Records contained in a dataset
# # # # #

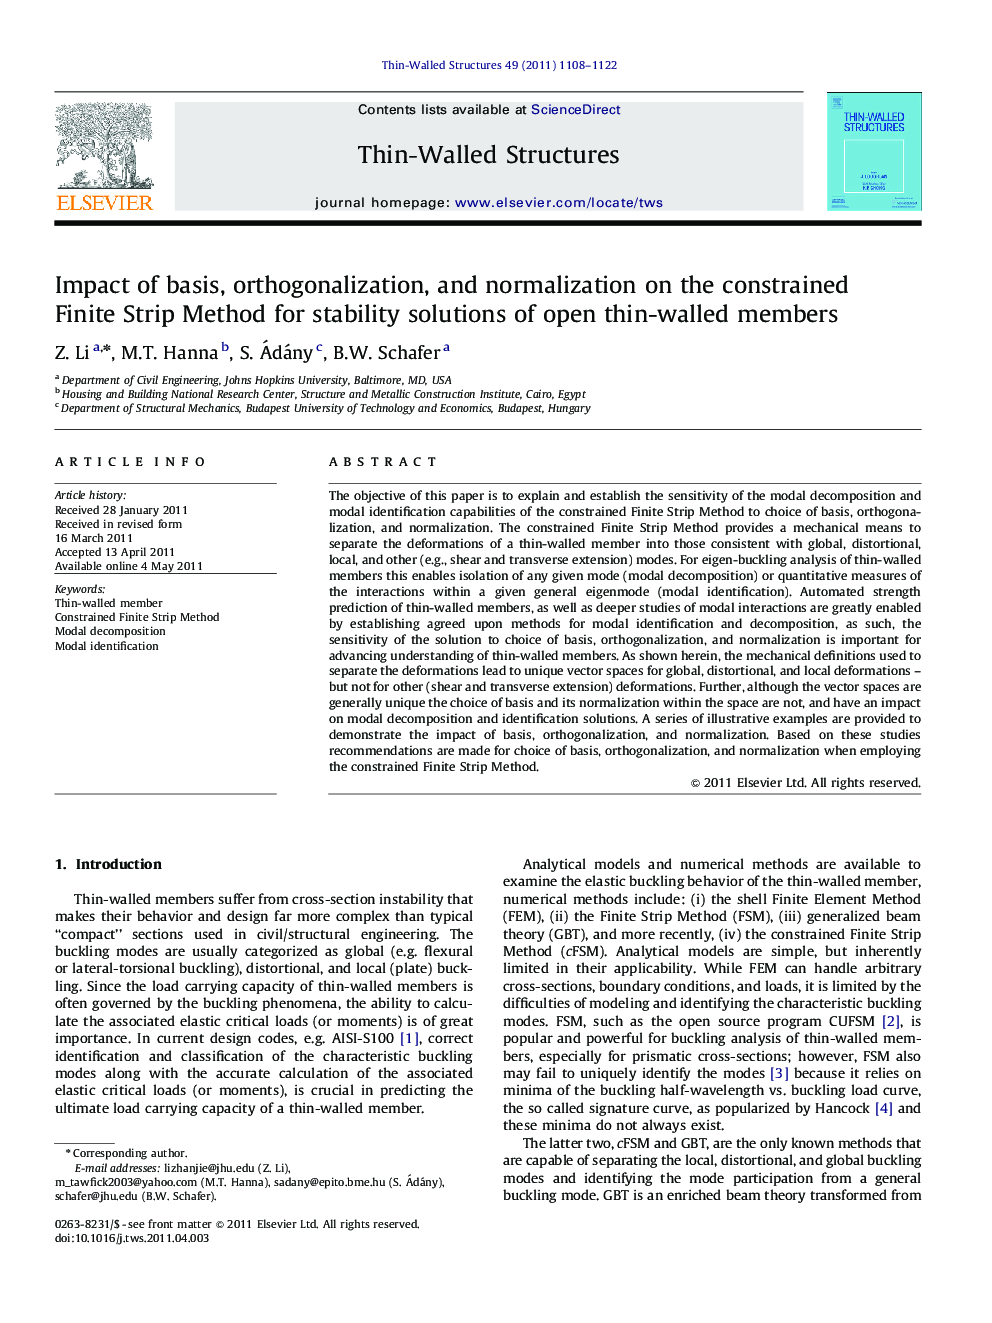 Impact of basis, orthogonalization, and normalization on the constrained Finite Strip Method for stability solutions of open thin-walled members
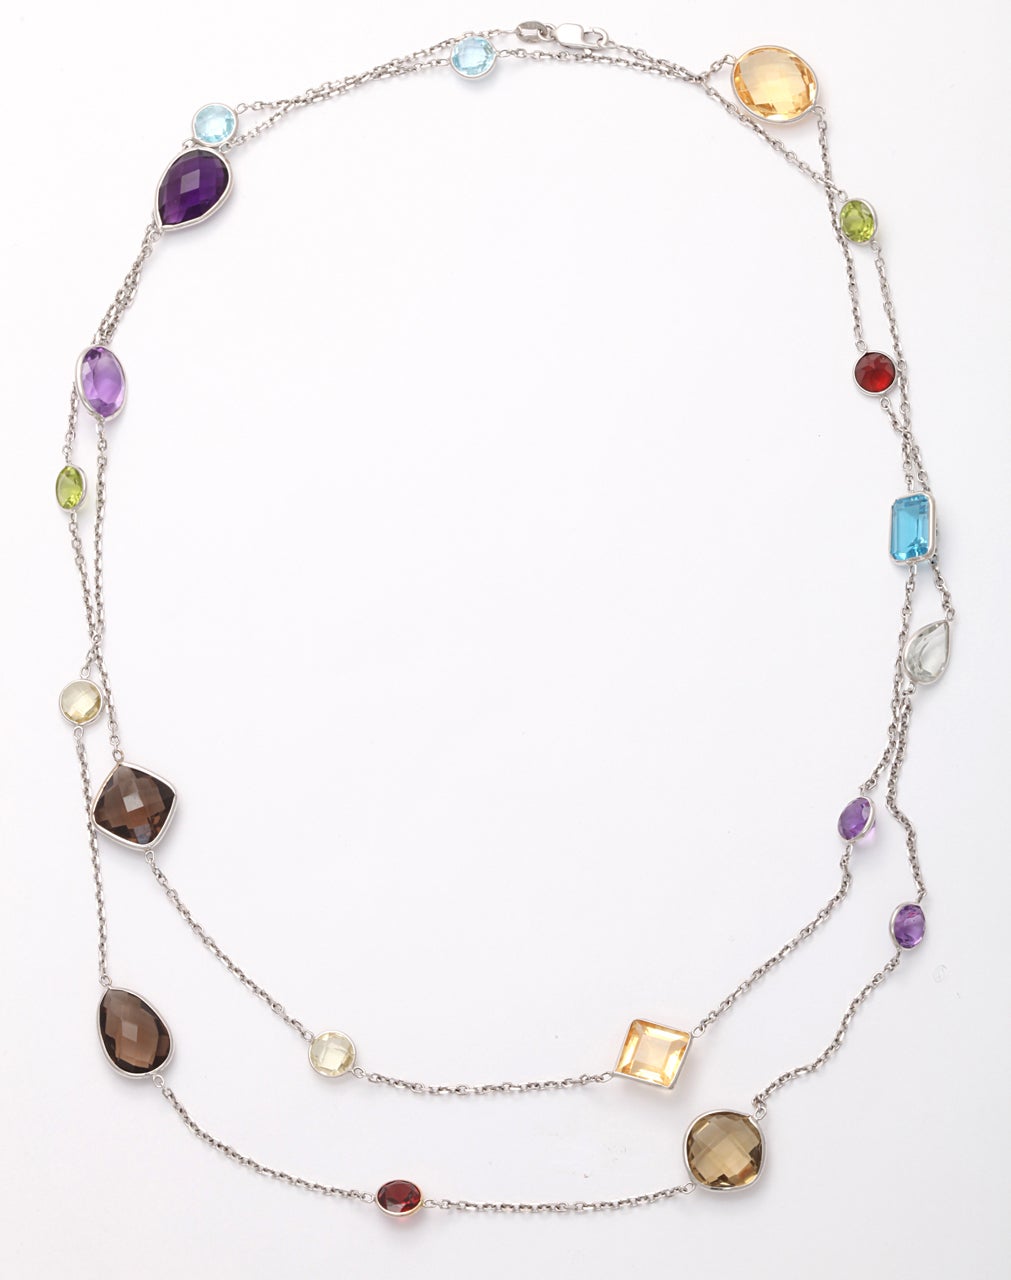 Multi color gemstone necklace crafted in 14k white gold.
Also available in 14 yellow gold.
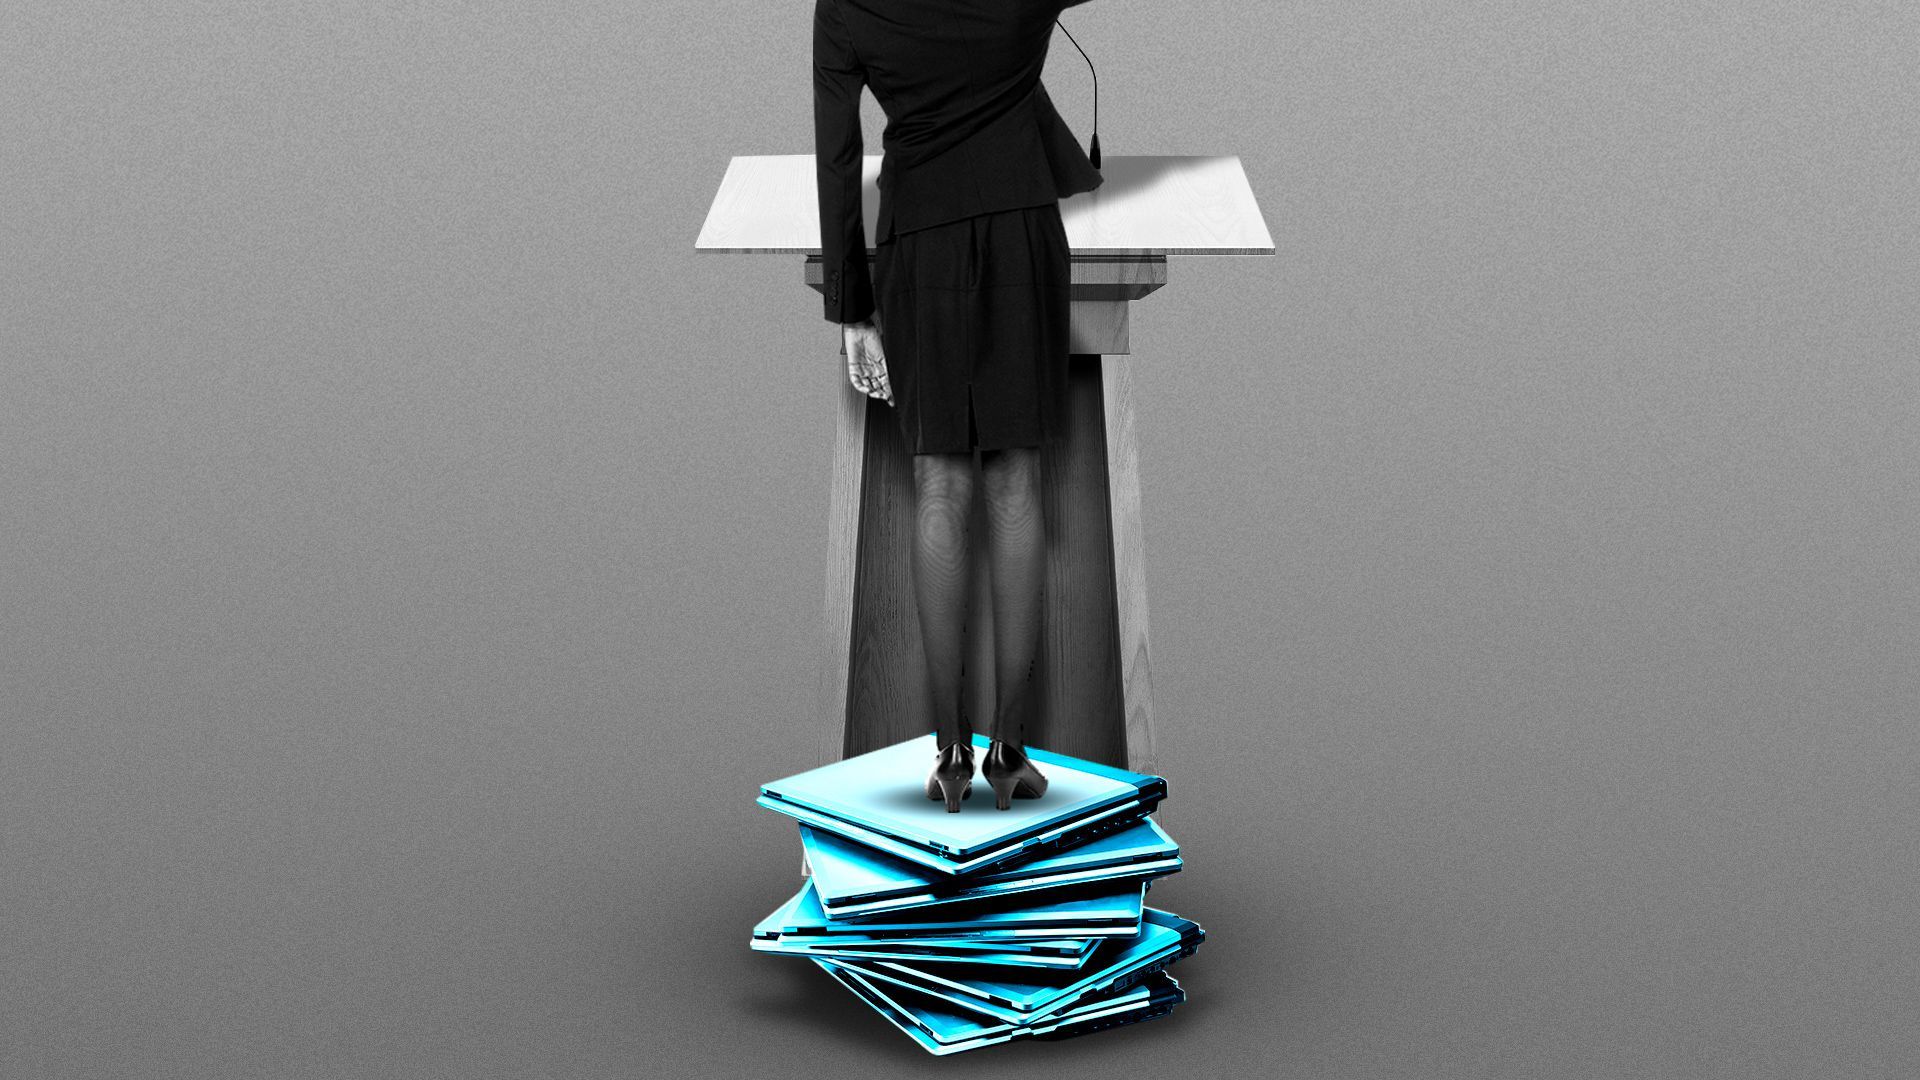 Illustration of a woman at a podium standing on a stack of laptops.  
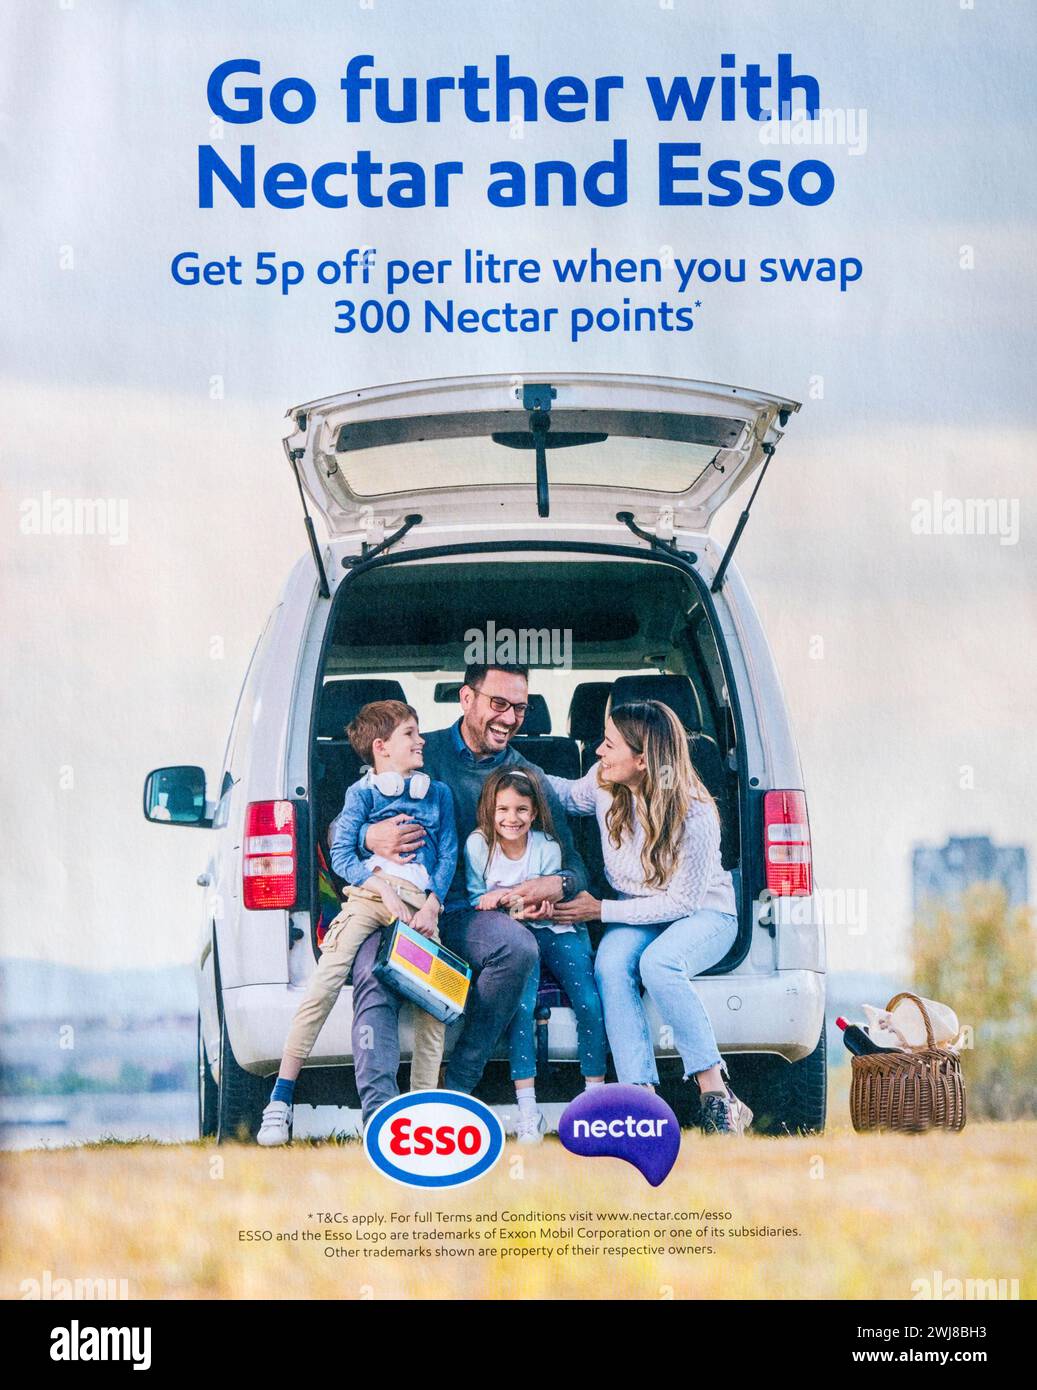 Magazine advertisement for Esso petrol and Nectar points. Stock Photo
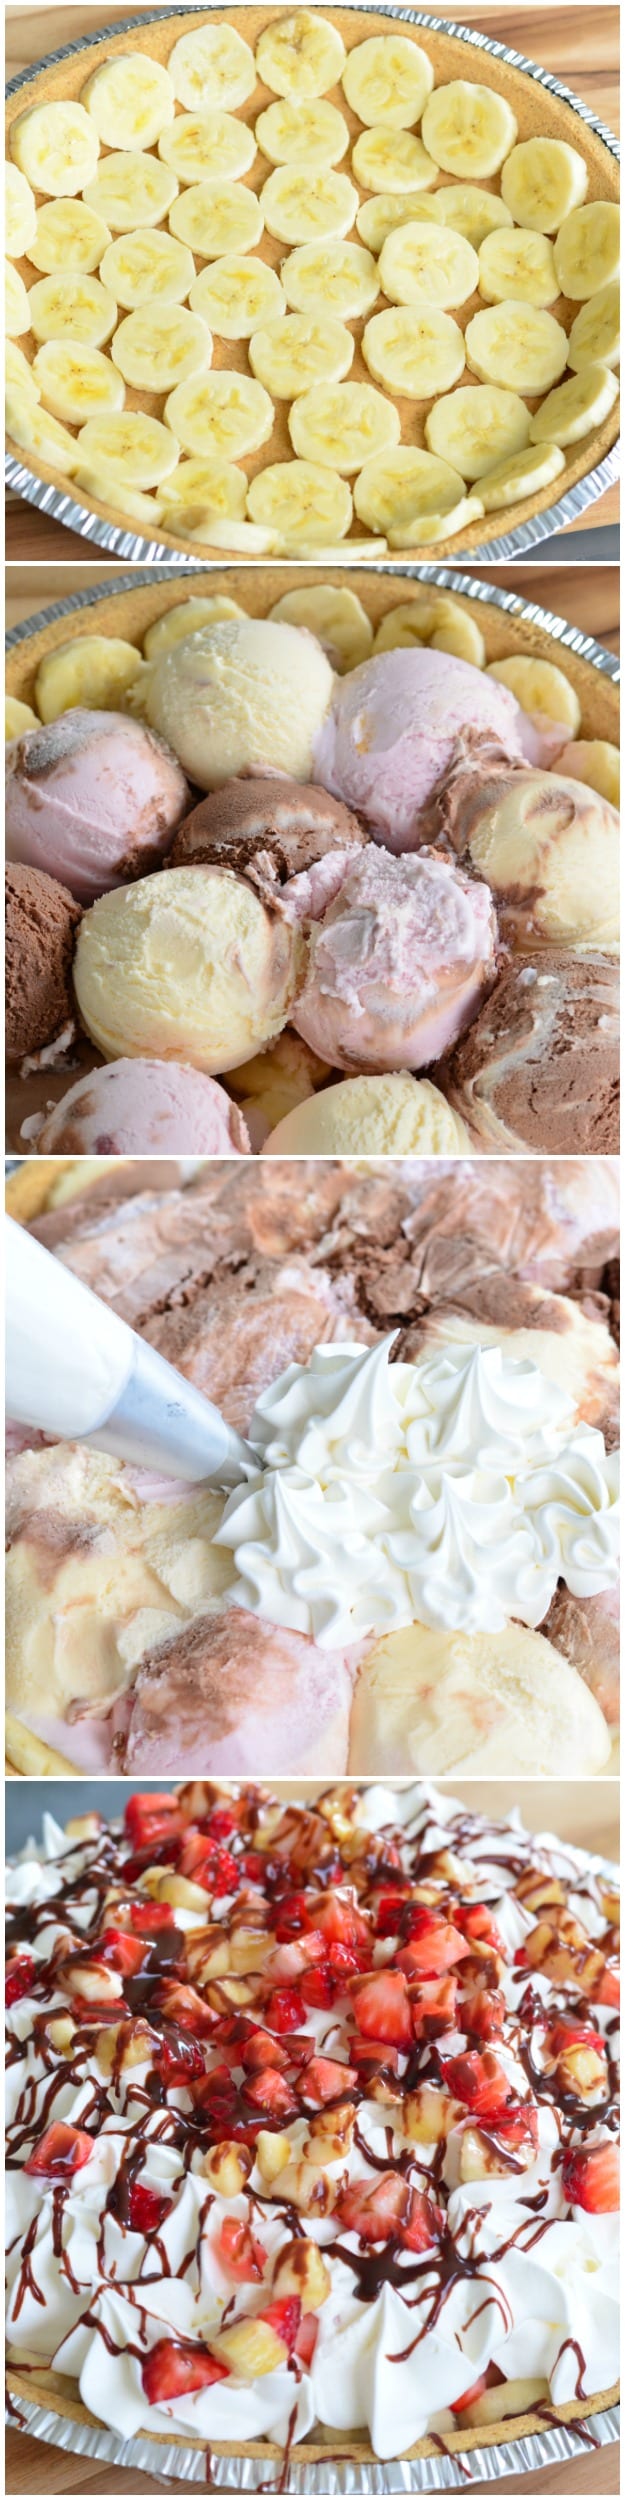 steps collage 1st photo bananas on top of pie crust, 2nd photo ice cream scoops in a pie tin, 3rd photo whipped cream being pipped onto pie, last photo of completed pie

# # # # #

Above are records with pictures. Reproduce exactly only the lines from the line with "Multi color gemstone" through the line with "Magazine advertisement for", both ends included, and leave the pictures out.

→ **RESULT OF THIS EXERCISE**:
 Multi color gemstone necklace crafted in 14k white gold.
Also available in 14 yellow gold.
 Illustration of a woman at a podium standing on a stack of laptops.  
 Magazine advertisement for Esso petrol and Nectar points. Stock Photo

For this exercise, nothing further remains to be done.